The Man of the Match, seated to his left, observed the hilarity with an air of sullen disapproval that Peter found rather provoking.
"Nice to see young people enjoying themselves, what?" he bellowed into Kuryakin's ear, over the noise of a particularly vulgar rendition of the Eton Boating Song.
"High Table certainly offers an excellent vantage point from which to observe the benefits conferred by a public school education," responded the Russian. Were it not for these outbursts, one might have thought him shy; but having been on the receiving end of rather more pieces of blistering sarcasm than was comfortable, Peter suspected it was camouflage. It seemed that, since pumping was getting him nowhere, he would have to try more direct methods.
"Nasty piece of business with your Maths Fellow," he observed.
There was no getting away from it. Kuryakin jumped, then followed up this suspicious reaction by shooting Peter a glance that was quite evidently startled. On Peter's right, the Master bent a less obvious ear in their direction.
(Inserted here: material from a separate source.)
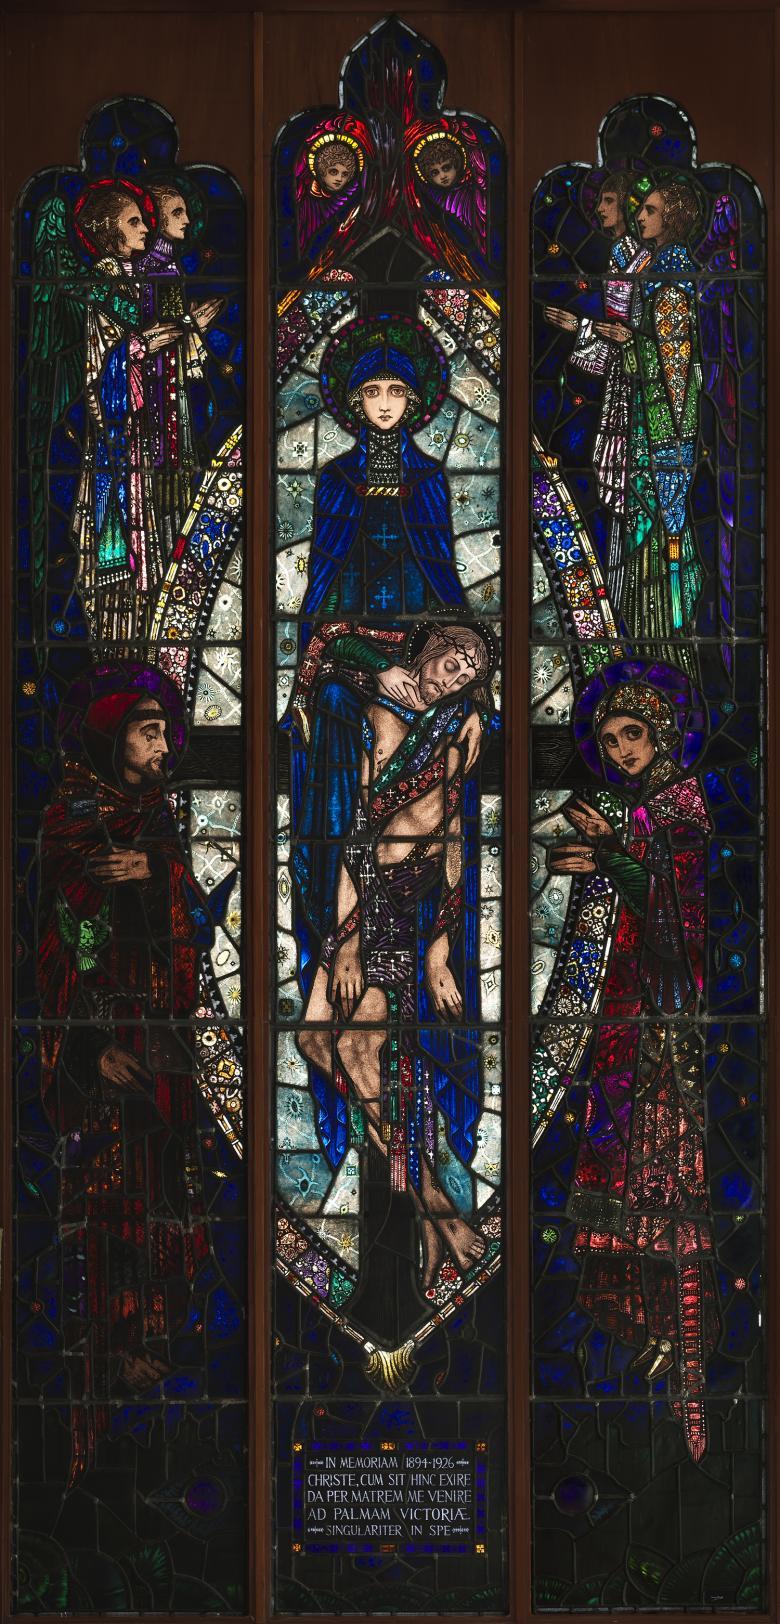 Harry Clarke (1889-1931), 'The Mother of Sorrows', 1926. © National Gallery of Ireland.

"Odd thing, his leaving no suicide note," said Wimsey, laying out the bait, his gaze never wavering from his neighbour's face. "Makes one wonder if there was anything funny going on. In my experience suicide without any kind of parting note is very unusual, even if it's only a 'Farewell, cruel world,' sort of thing. One may still turn up, of course. What do you think?"
Kuryakin's face was unnaturally devoid of expression, as if he had pulled on a mask, but his eyes slid past his interrogator and on to the Master. Sir John, caught blatantly eavesdropping, chose to brazen it out and met his gaze full on. Kuryakin blinked hastily away and dropped his eyes to his plate. From that moment on, he refused to be drawn into any further conversation, his attention apparently fully occupied by the task of grappling with his beef bourguignon.